§ **Task goal**
The lines below, from the one holding "two playful teenage" through the one holding "Bride and groom", are to be restated word for word, with all images left out.

§ **Data provided**
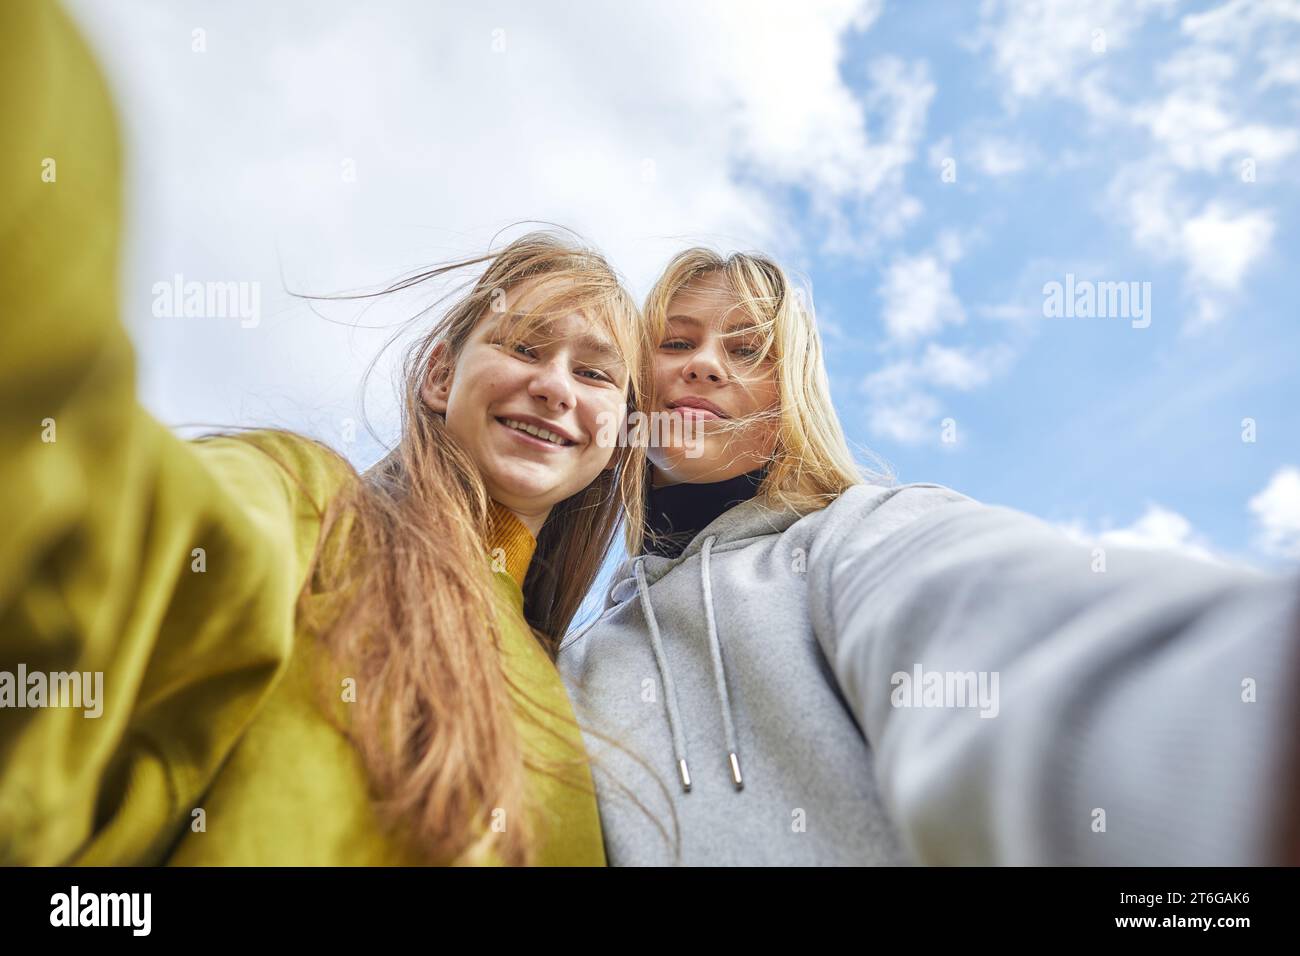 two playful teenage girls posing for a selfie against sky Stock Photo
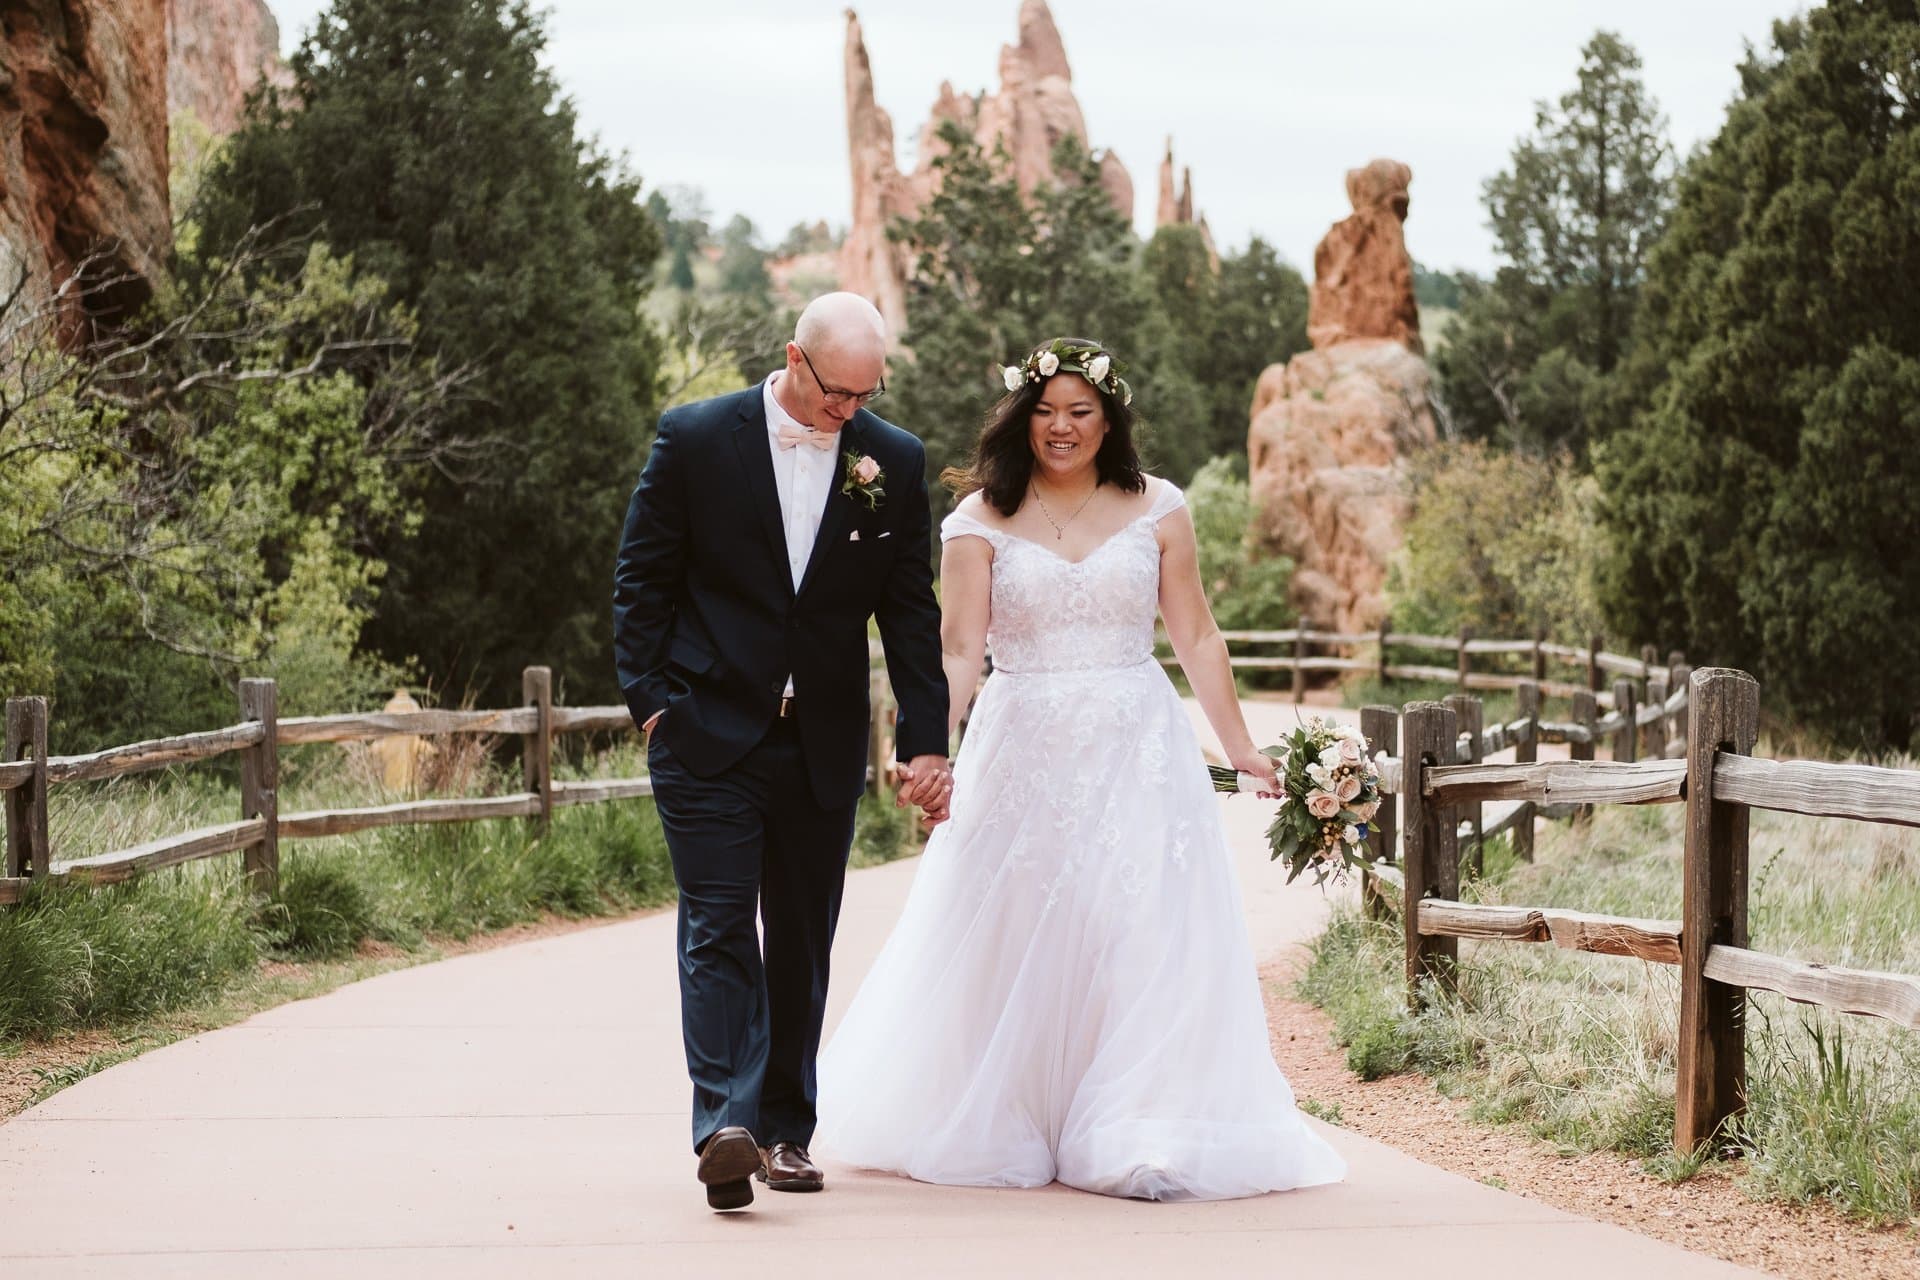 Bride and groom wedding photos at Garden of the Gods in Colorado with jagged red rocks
--
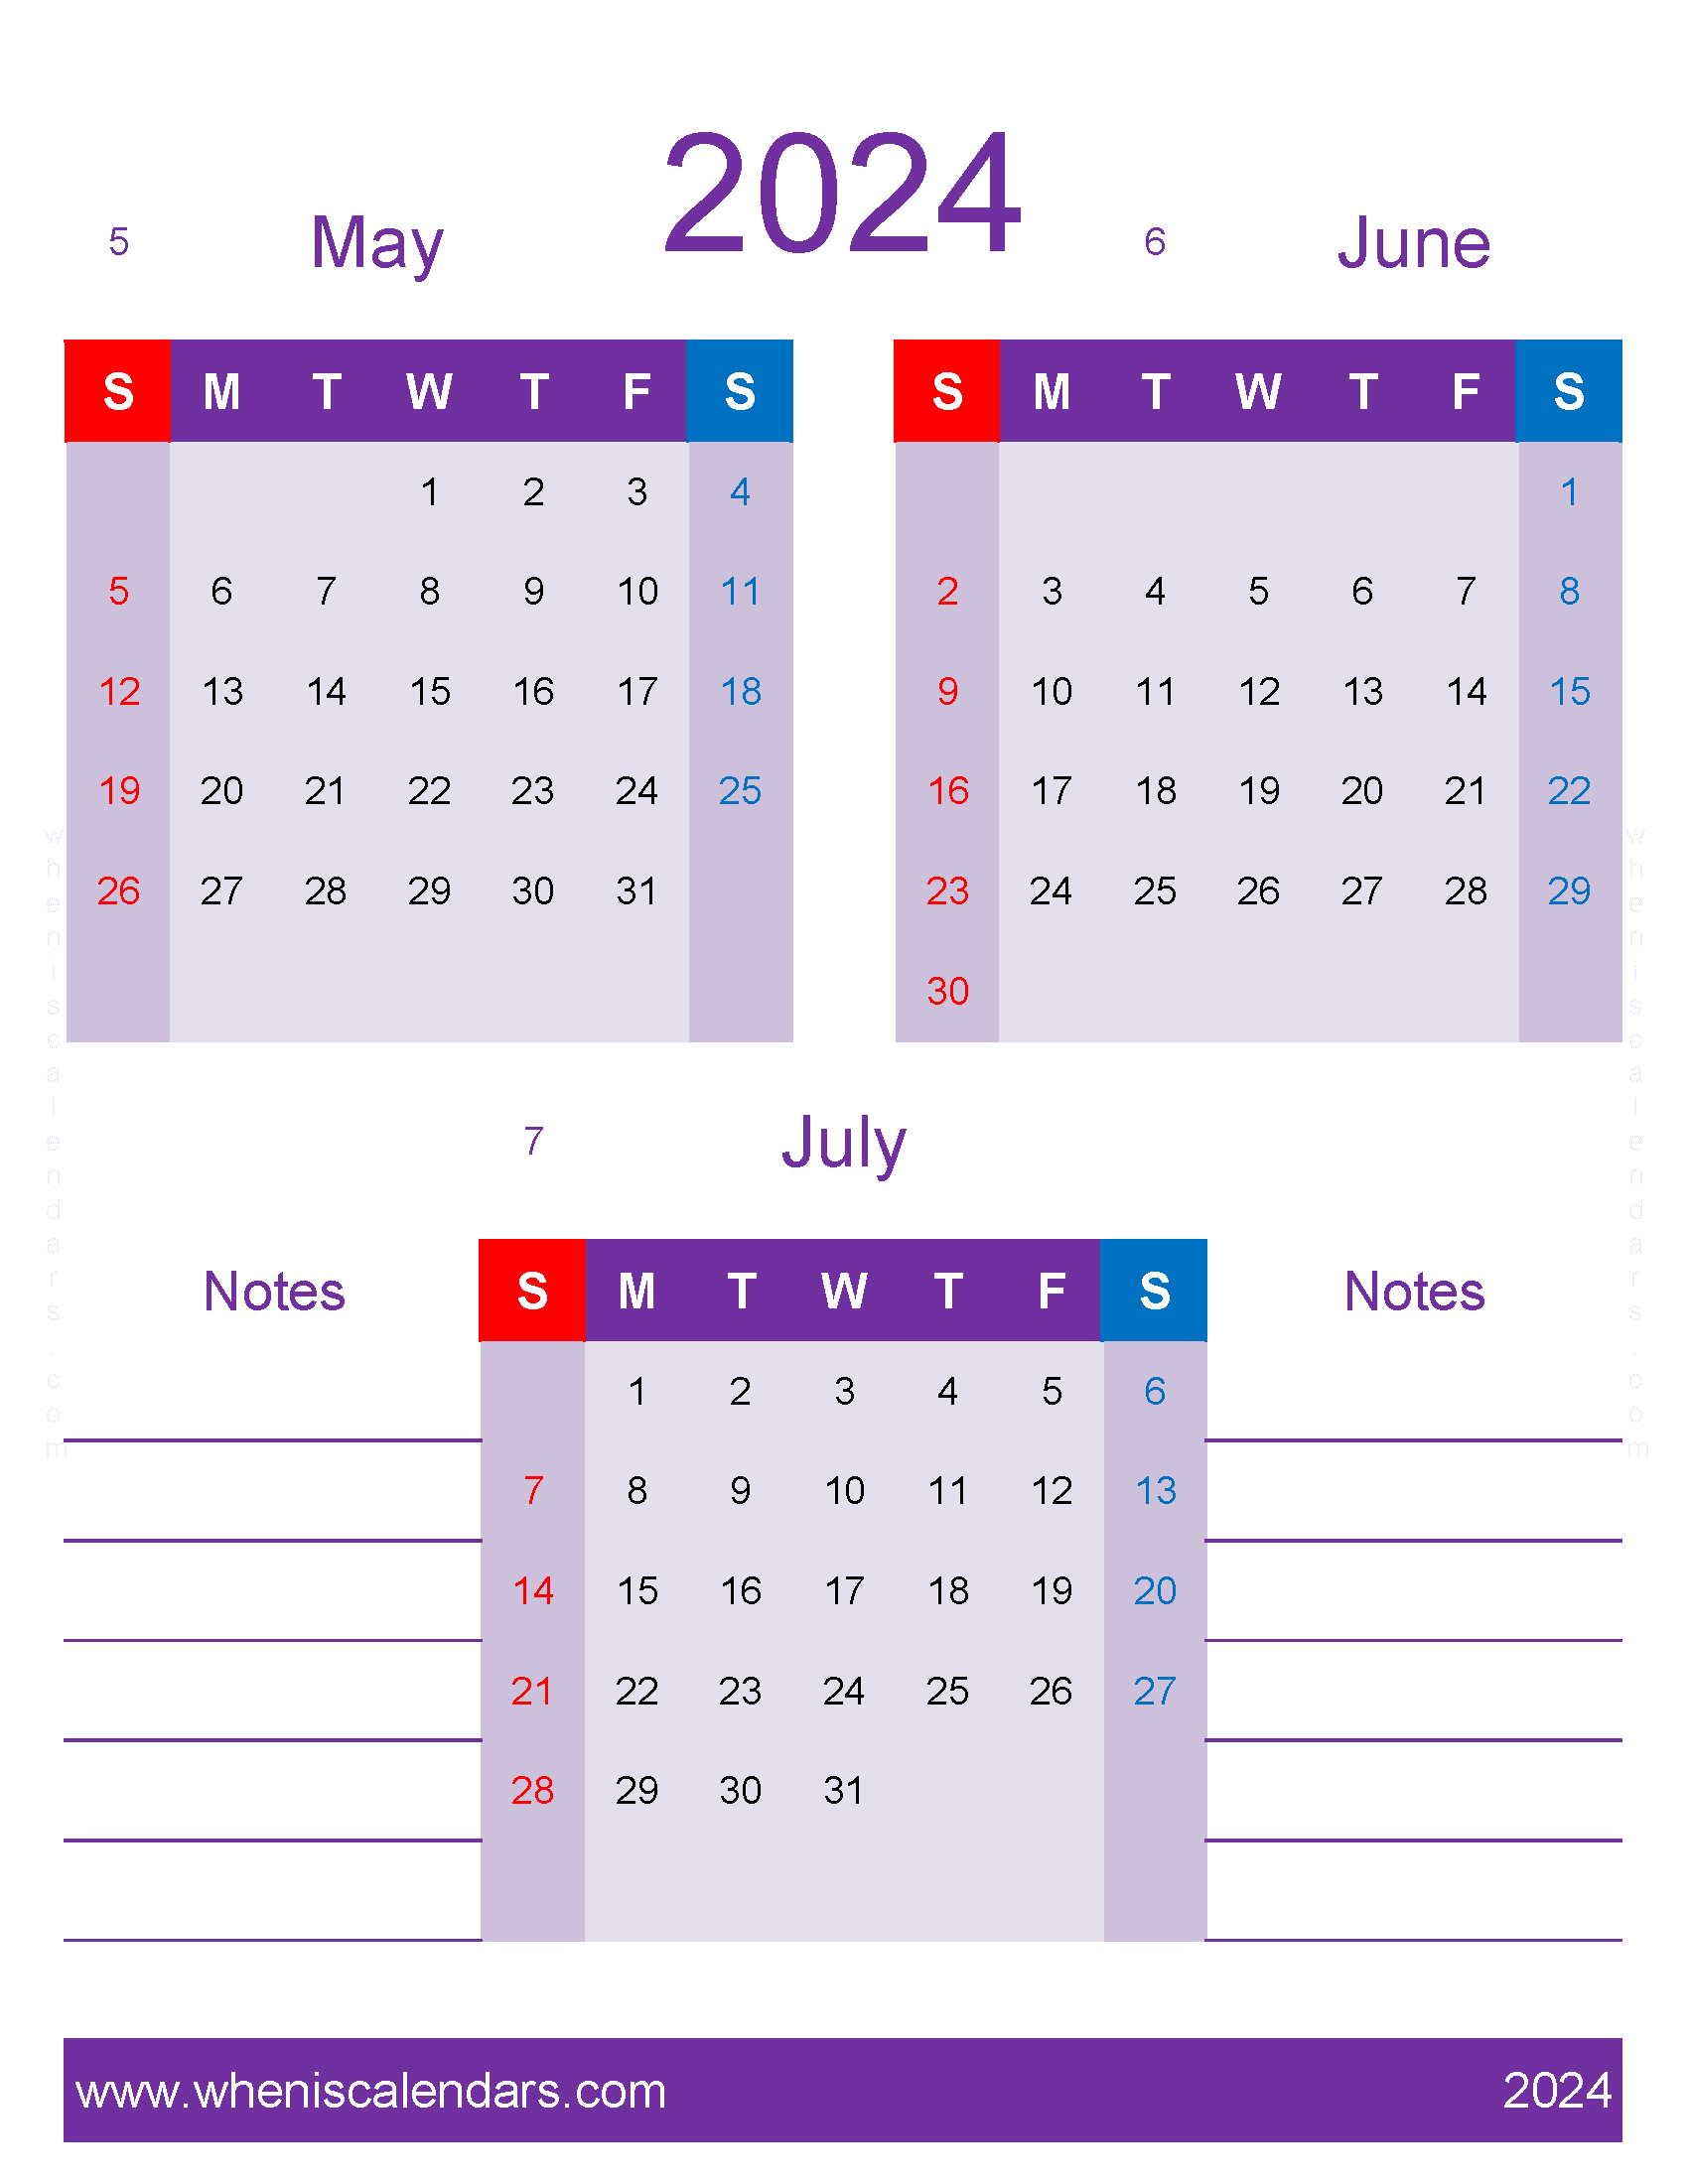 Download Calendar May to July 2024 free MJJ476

§ **Final answer**
 two playful teenage girls posing for a selfie against sky Stock Photo
 Bride and groom wedding photos at Garden of the Gods in Colorado with jagged red rocks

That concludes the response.